RPG Maker VX for Absolute Beginners
Are you tired of constantly browsing the internet to find the information you need to create the RPG you really want? Look no further. This is the first in a series of articles which will cover everything there is to know about RPG Maker VX.
Introducing Rpg Maker VX
Making your own RPG with Enterbrain's RPG Maker VX can be a lot of fun but unfortunately it's not exactly user friendly and the support available is quite limited. This is why I have decided to write a series of articles explaining what you'll need to know in order to create the RPG of your dreams. Absolutely no prior knowledge is required to understand this article as I will explain how to do everything from the most basic things to the very advanced features.

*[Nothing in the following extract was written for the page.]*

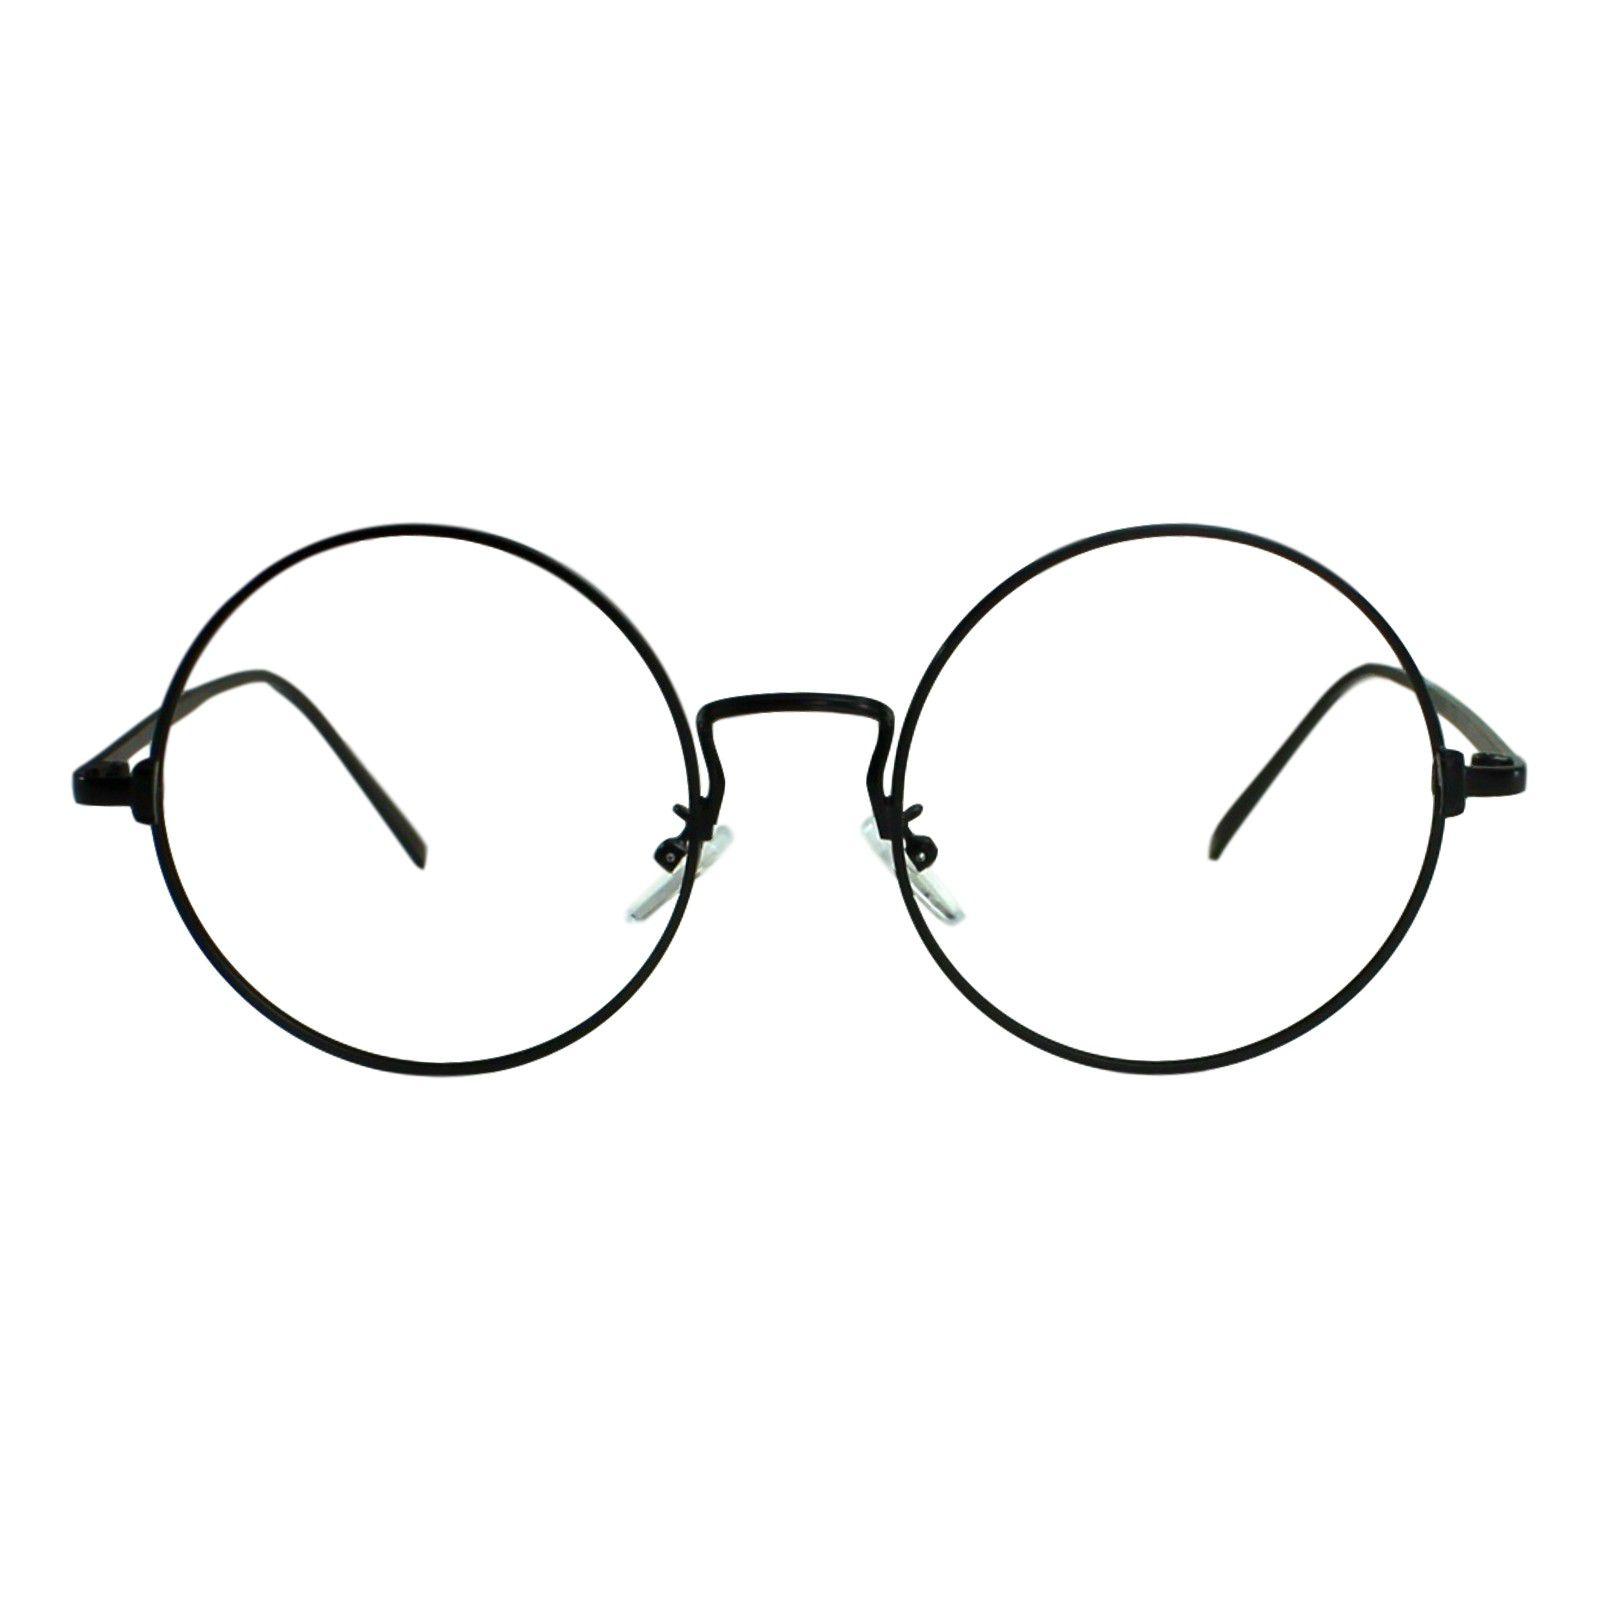 ... Armação para Óculos Díspar D1881 Redondo Grande Preto - Díspar Style ... 7b8b15cd6b
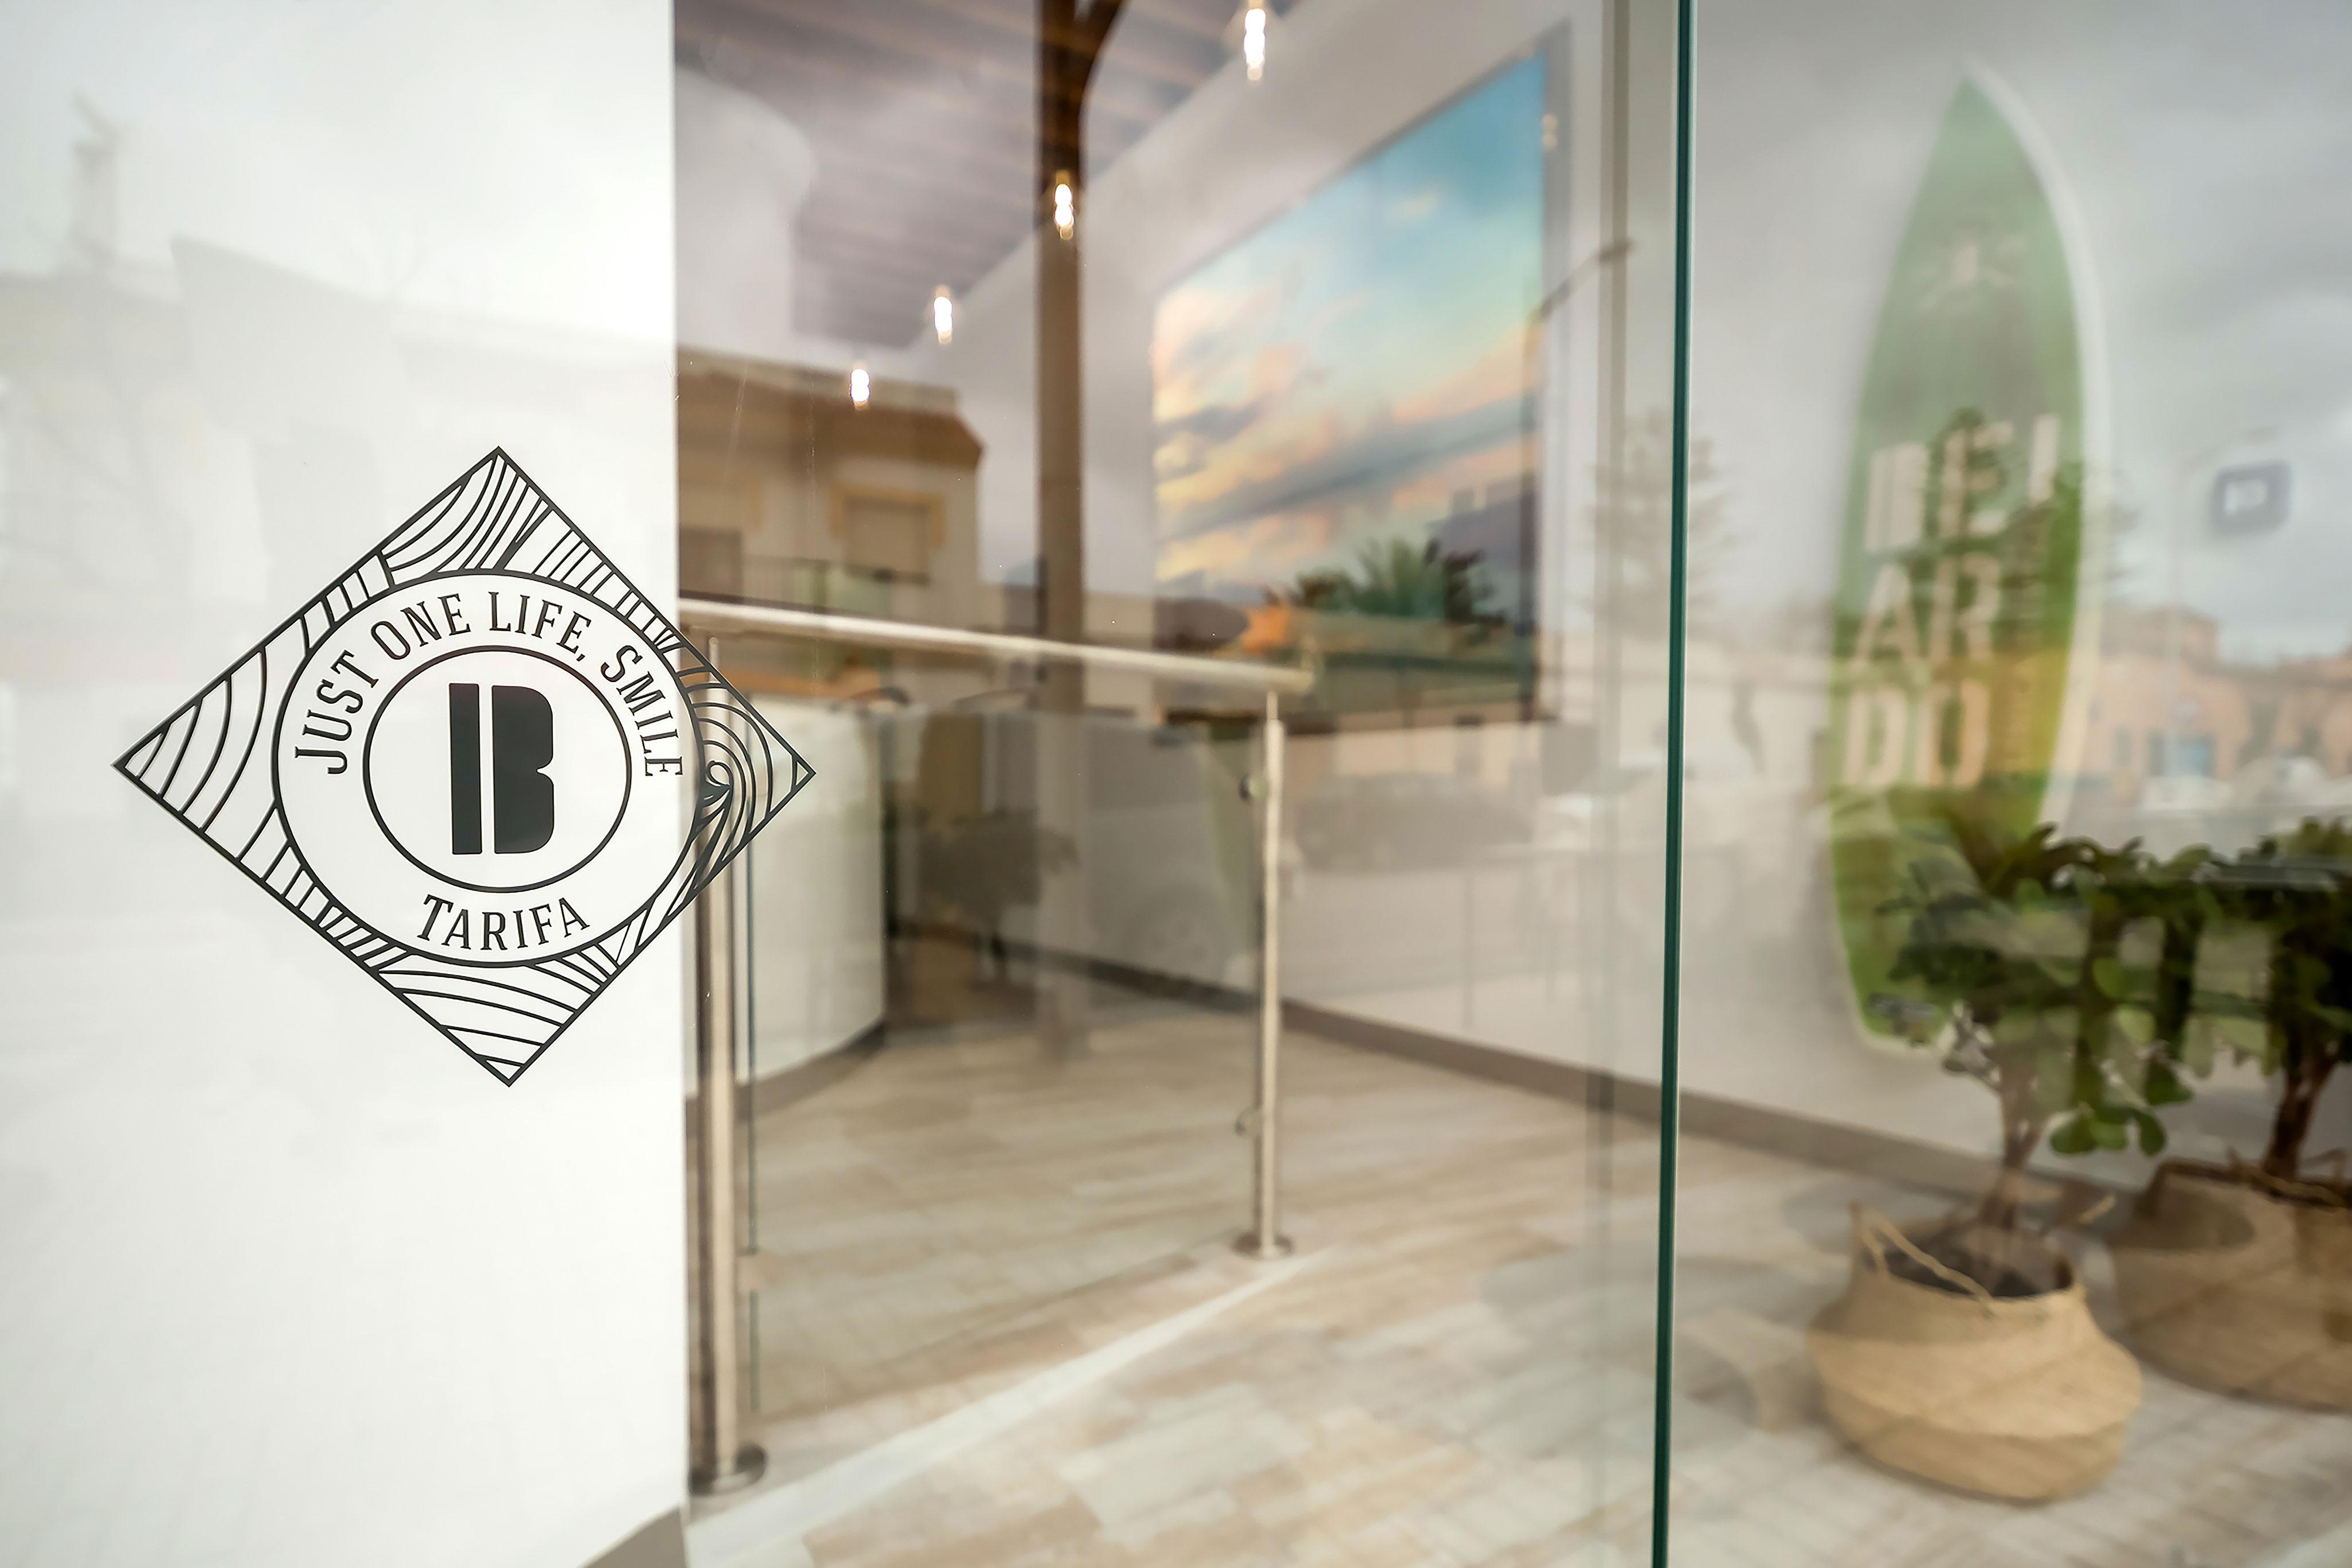 diseño-marca-tarifa-agencia-adhoc

If you still don't have your own copy, you may make your purchase at Enterbrain's official webpage here.
Creating your First Project
First of all, create a new project. The project will be your actual game.
In order to do this, click on File and then select New Project or quite simply press CTRL+N (hold down the CTRL and N key at the same time).
You will get the following window: Choose a folder name and a title for your game. Make sure to choose a location which will be easy to locate on your computer as I’ve had trouble in the past finding my own little projects.
Once you're done with that, you're now good to create your first actual map.
Creating your First Map
All of the mapping options should now be available to you. Look at the bottom left corner of your screen:
This is where all of your different maps will be listed. For now, we’ll just stick to one map but we’ll add some more in the future.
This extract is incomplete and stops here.